Problem to solve:
Pictures are not part of the copy. Reproduce all the records exactly.
** Task input follows **
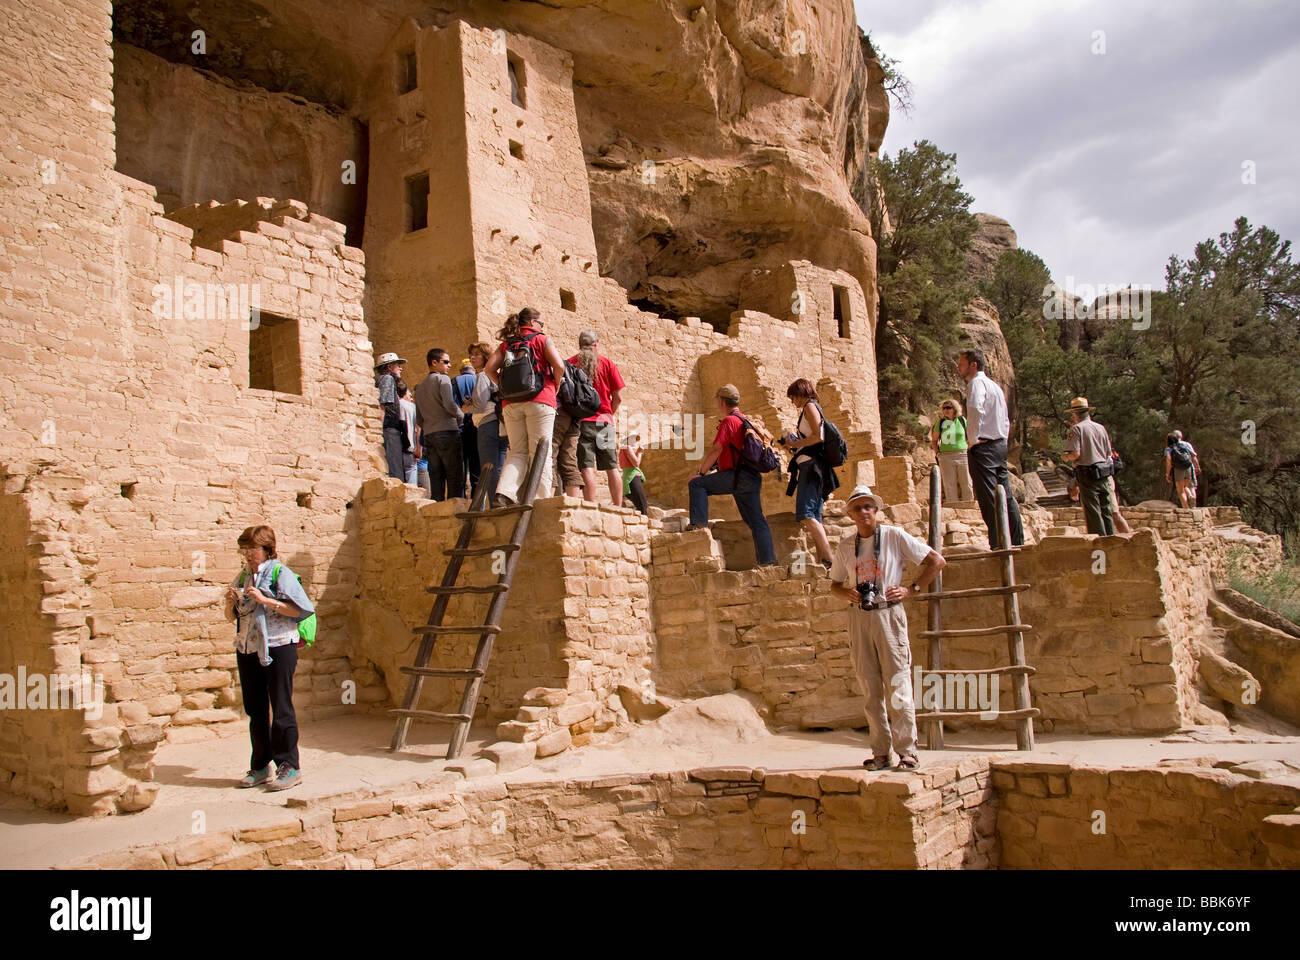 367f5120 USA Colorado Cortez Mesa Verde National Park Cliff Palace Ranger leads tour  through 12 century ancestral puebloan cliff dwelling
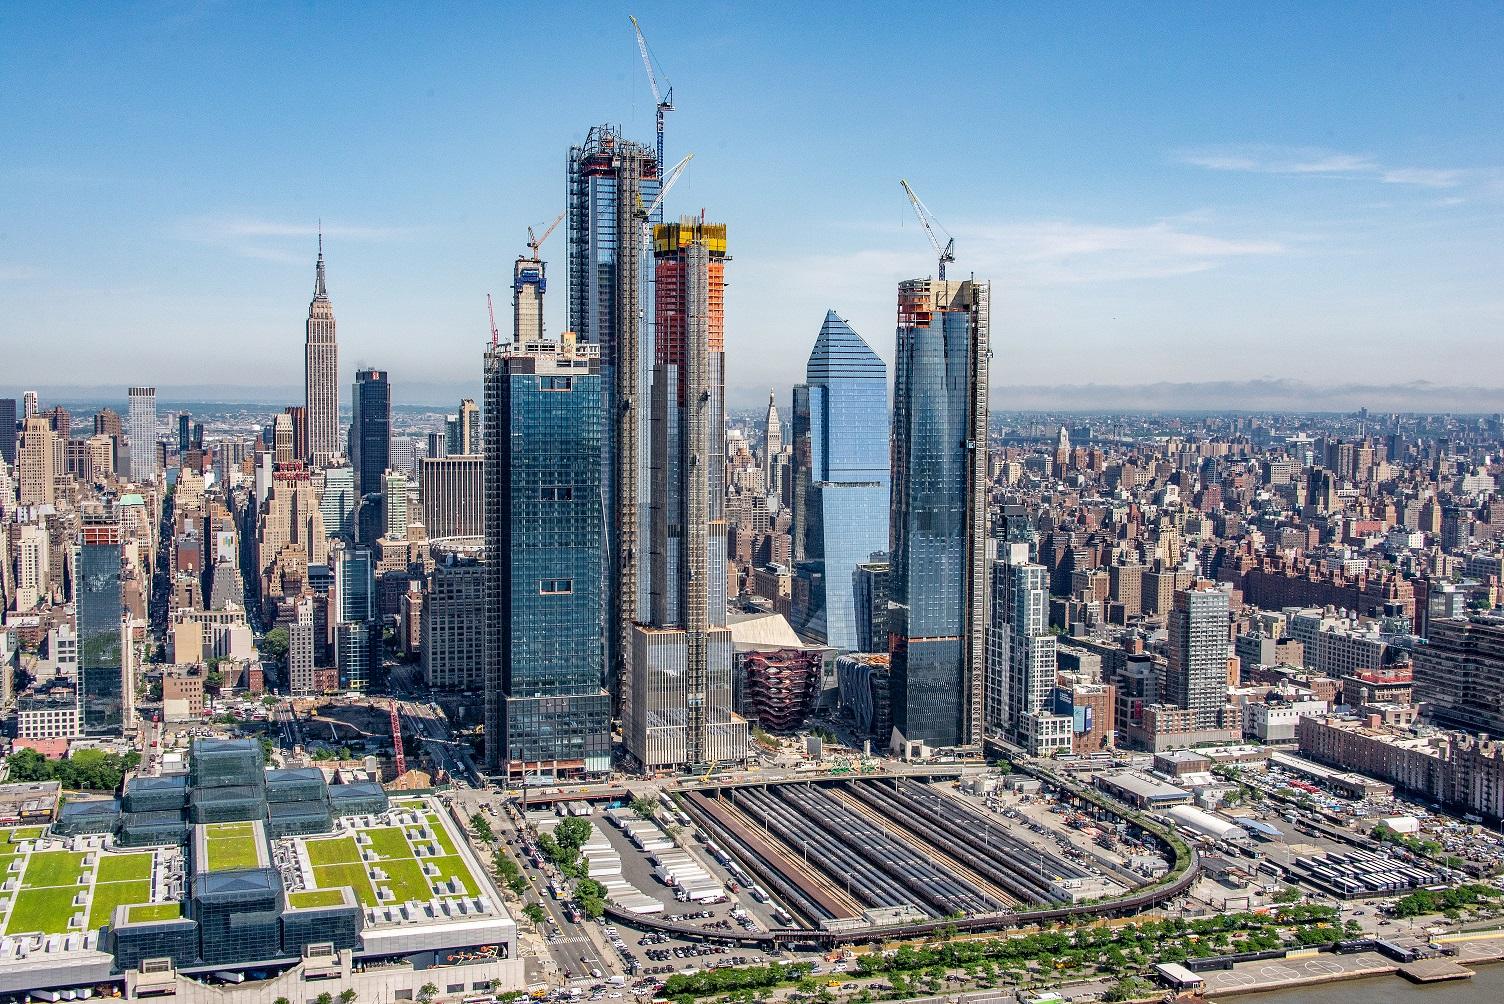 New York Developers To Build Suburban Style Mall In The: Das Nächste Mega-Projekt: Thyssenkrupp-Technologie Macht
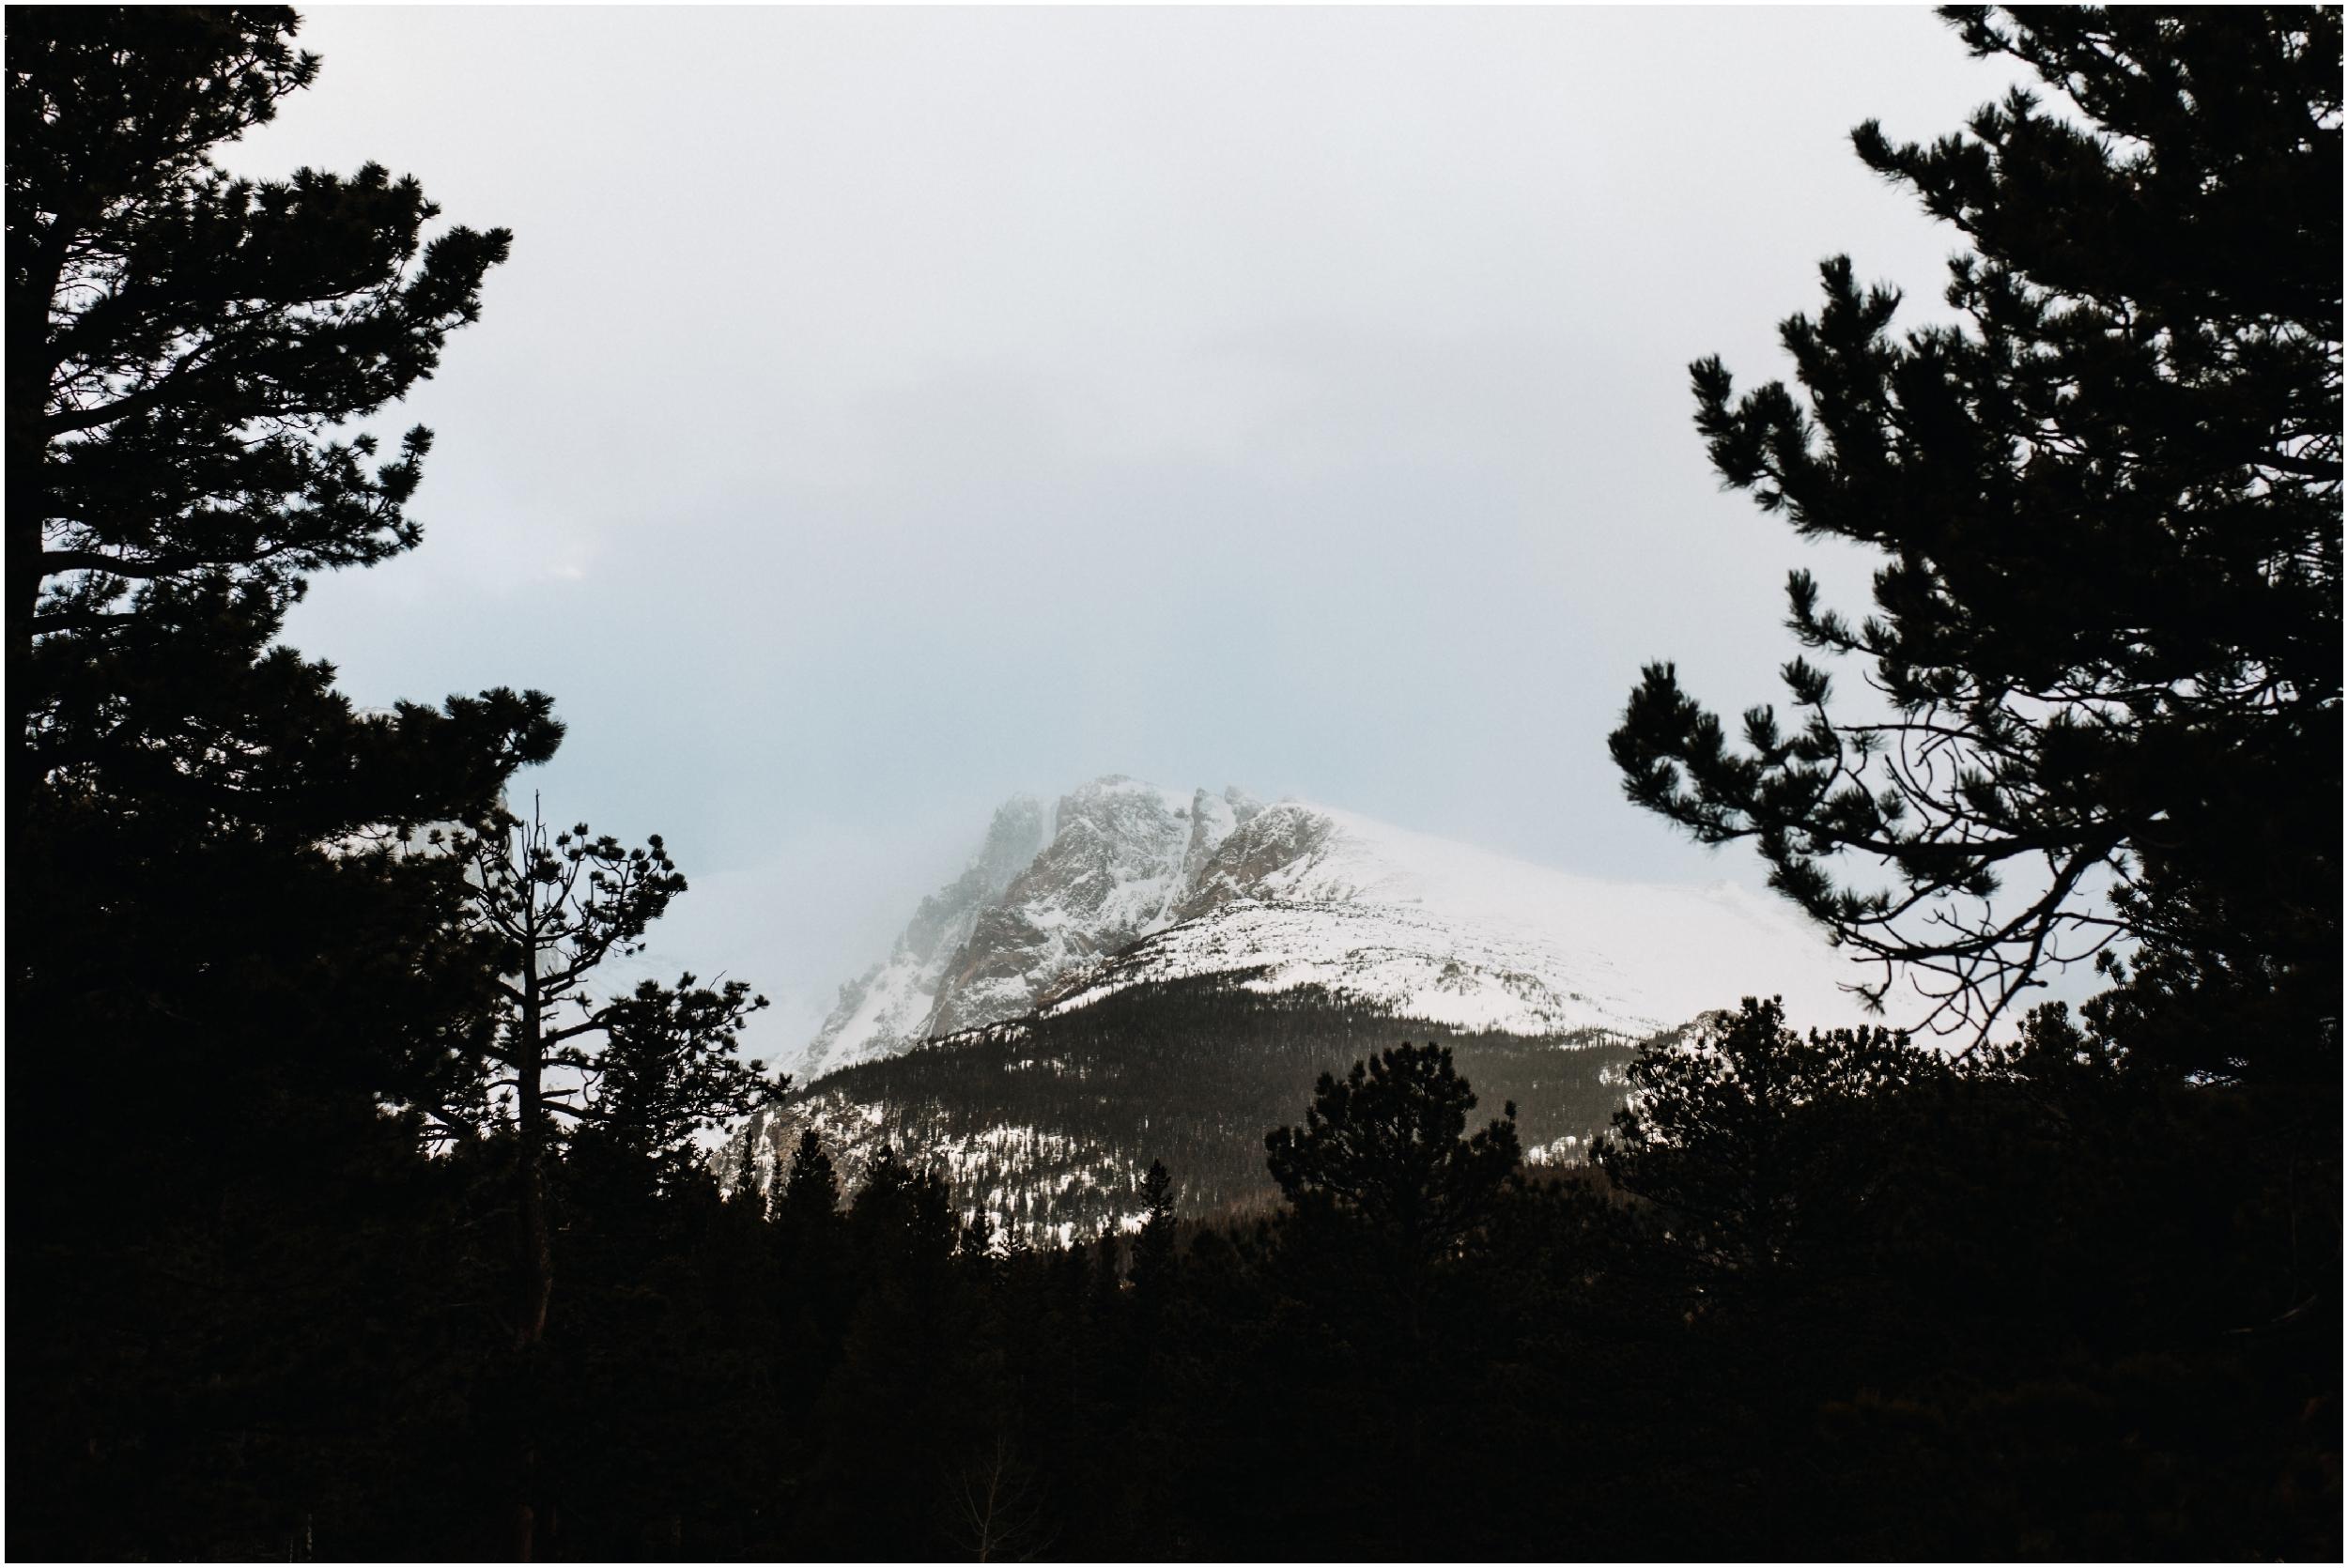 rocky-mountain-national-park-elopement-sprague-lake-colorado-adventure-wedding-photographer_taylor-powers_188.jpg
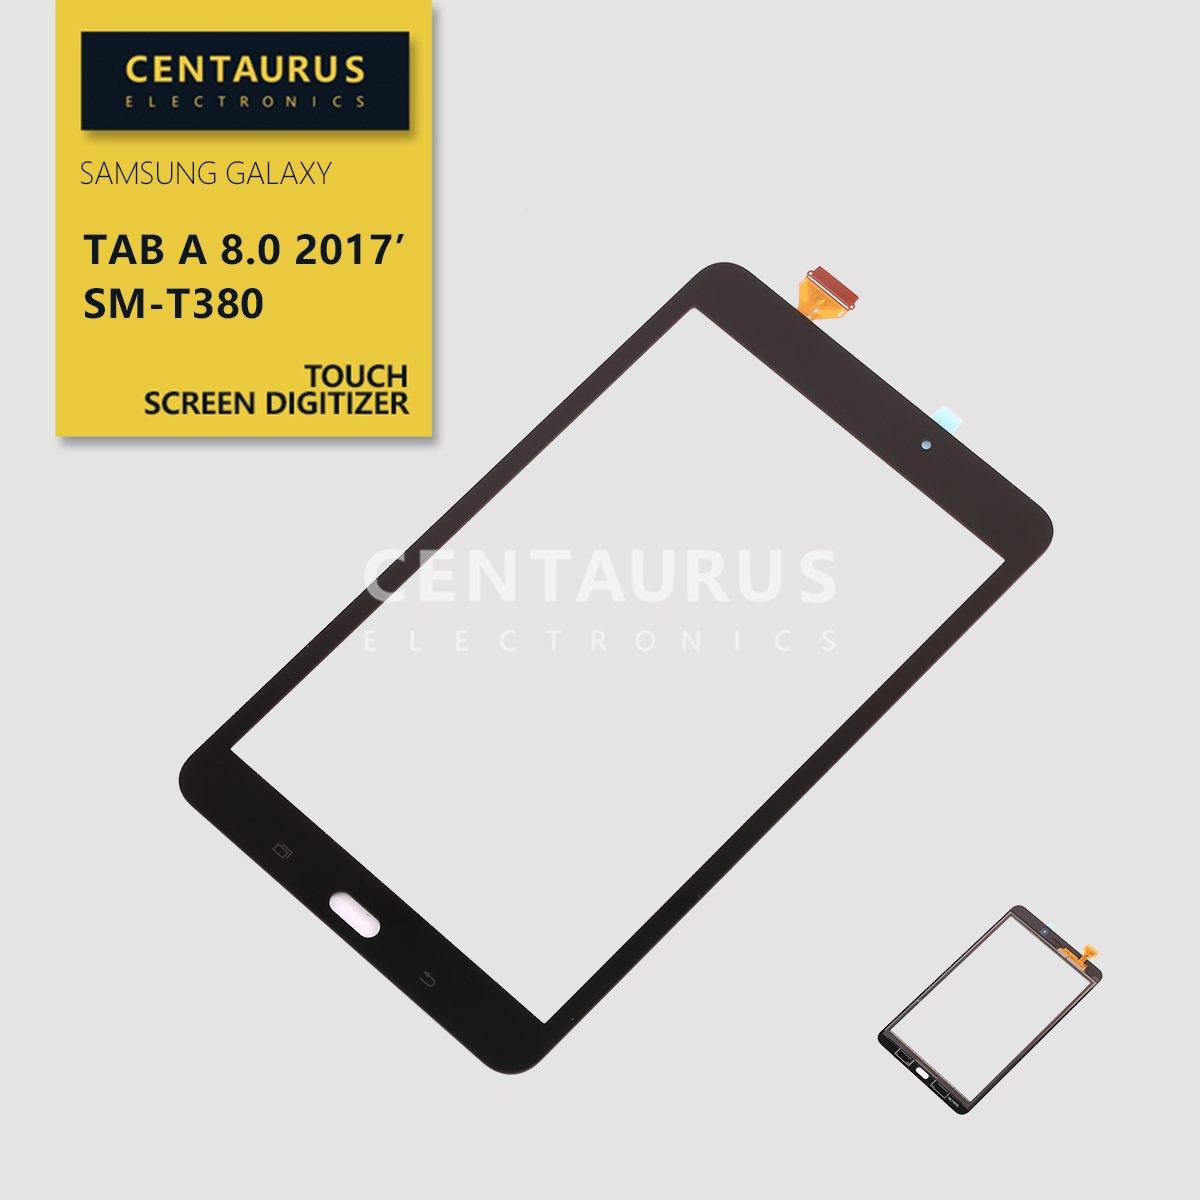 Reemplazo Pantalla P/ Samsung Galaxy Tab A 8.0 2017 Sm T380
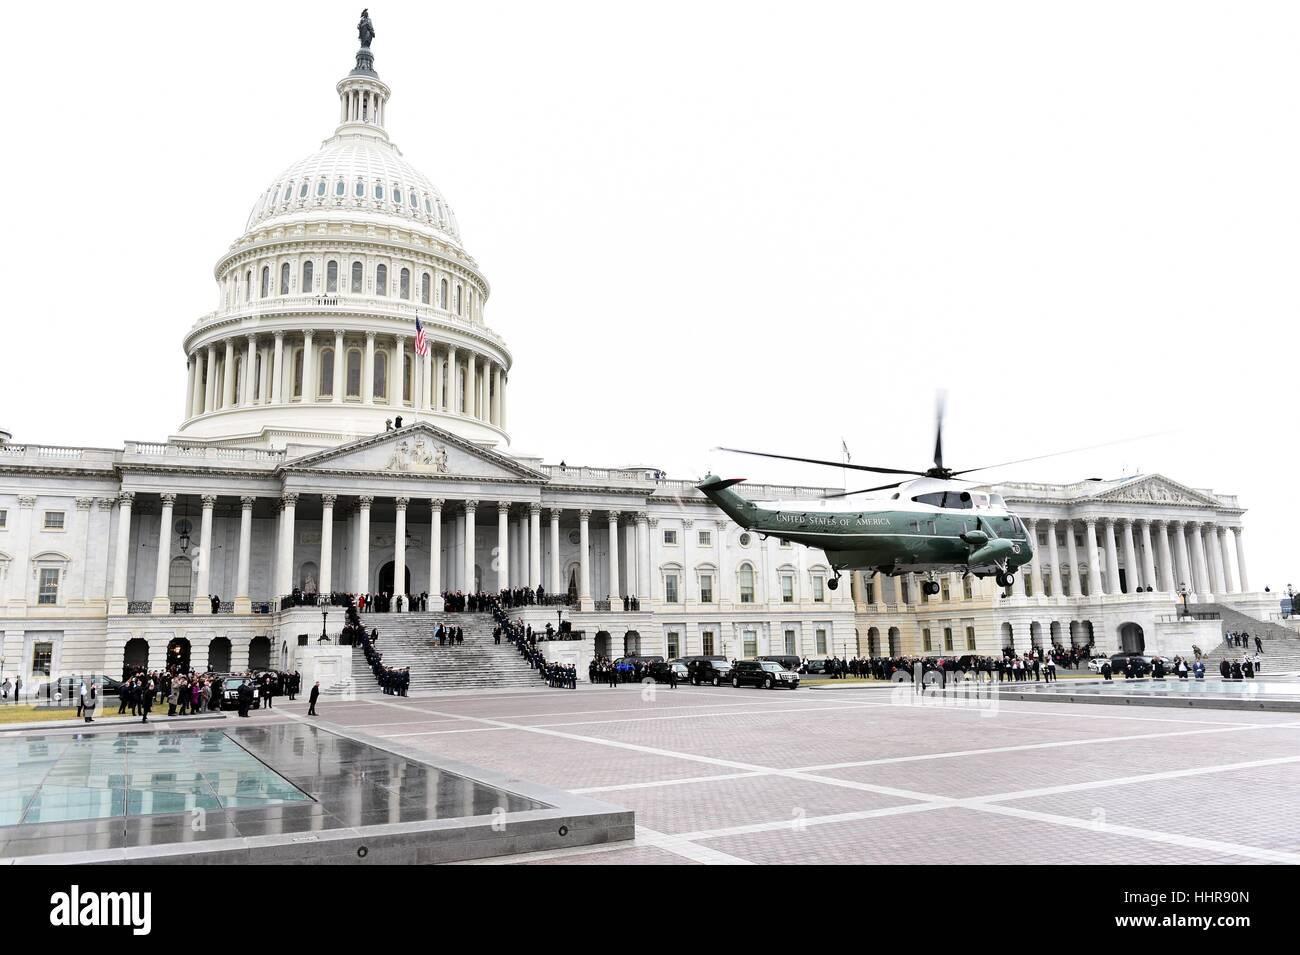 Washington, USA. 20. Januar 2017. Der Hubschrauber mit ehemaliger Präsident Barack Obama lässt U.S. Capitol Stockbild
** End of Task input **
Your solution:
 367f5120 USA Colorado Cortez Mesa Verde National Park Cliff Palace Ranger leads tour  through 12 century ancestral puebloan cliff dwelling
 New York Developers To Build Suburban Style Mall In The: Das Nächste Mega-Projekt: Thyssenkrupp-Technologie Macht
 rocky-mountain-national-park-elopement-sprague-lake-colorado-adventure-wedding-photographer_taylor-powers_188.jpg
 Reemplazo Pantalla P/ Samsung Galaxy Tab A 8.0 2017 Sm T380
 Washington, USA. 20. Januar 2017. Der Hubschrauber mit ehemaliger Präsident Barack Obama lässt U.S. Capitol Stockbild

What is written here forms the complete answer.